Abstract Image for end of scraper project

Lambda web scraper project (week 8)

What Happened Last Week

In this final week, I was hoping to move my AWS Lamba functions over to Google Cloud Platform (GCP). Unfortunately, at least for me at this time it didn't work, the GCP Python 3.7 functions offering is currently in BETA which means it's available for testing but not general release.

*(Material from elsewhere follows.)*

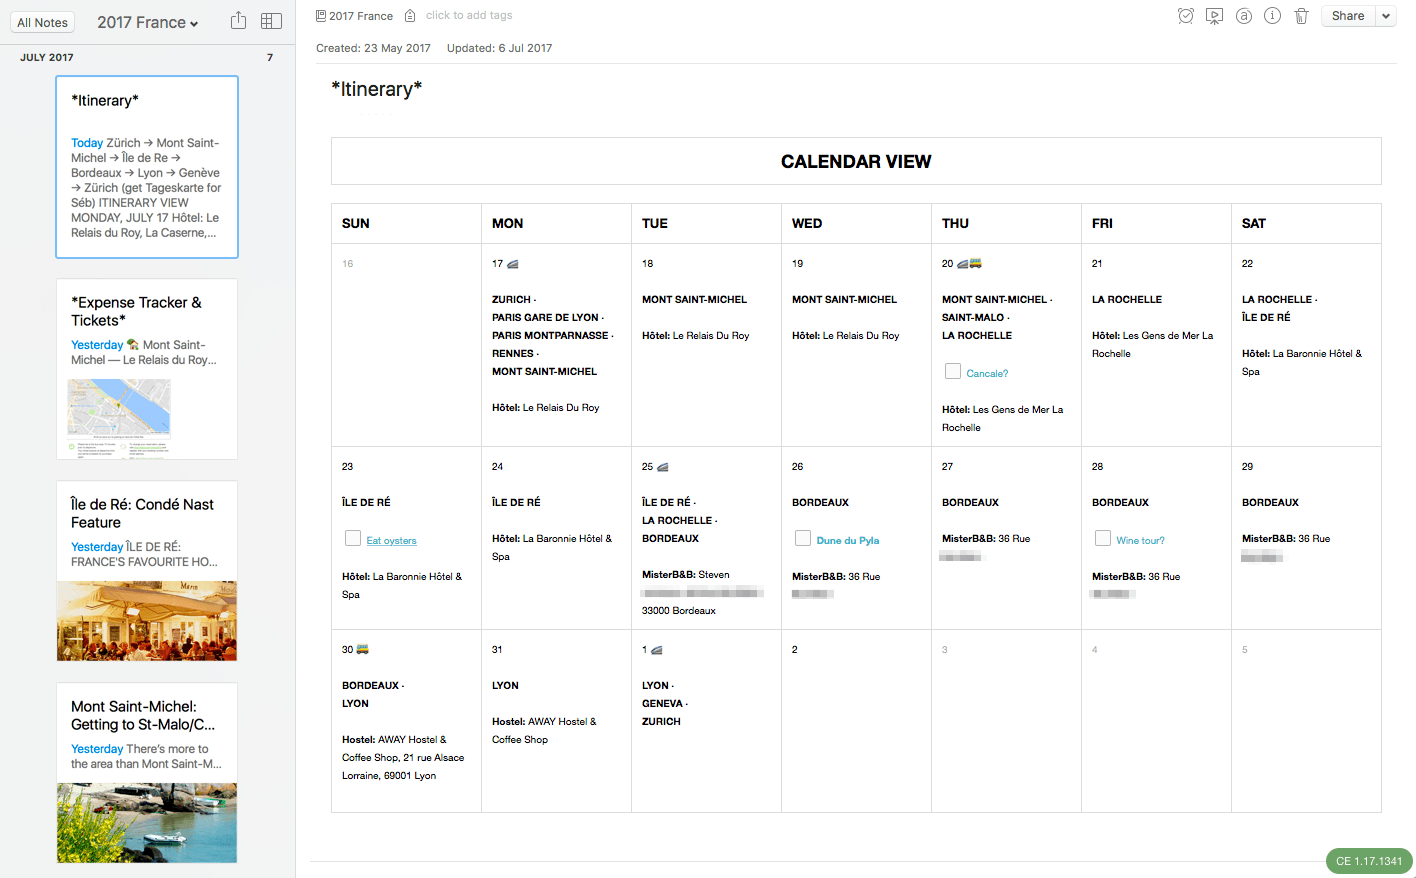 Calendario con fechas de viaje

I didn't just give GCP a try though, I also registered on a new platform https://binaris.com. Who suggest their offering provides functions that invoke in milliseconds and can replace any container or instance based service. Her also I unfortunately also got stuck, but here it was more the lack of documentation. There service is also not fully finished.

Are Functions For Me?

For the moment I say hell YES! It currently costs $0 for me to run them.

While I don't like the fact of currently being tied into AWS and not being able to easily switch to another platform, I haven't had to pay a dime for running my Lambda functions. 

No Amount Due

My monthly bills during development show:

  • November $0 for 1.250 Lambda-GB-Second
  • December $0 for 46.375 Lambda-GB-Second
  • January so far $0 for 129.700 Lambda-GB-Second

I estimate now that I am running my crawler every 2 hours on two pages by the end of January it will be about 600 Lambda-GB-Seconds. On AWS Lambda you currently get 400,000 GB-Seconds for free. 

You need to be wary if you think you'll become a high volume user. The service costs could change at any time and depending on your architecture it might be expensive to get away from their pricing model.


Videos from the project

As part of this 8-week project, I managed to upload over 2.5 hours of video to YouTube and talked extensively about GitLab CI/CD, Python2 to 3 migration, Unit testing and learning Python as well as writing AWS cloud formation templates.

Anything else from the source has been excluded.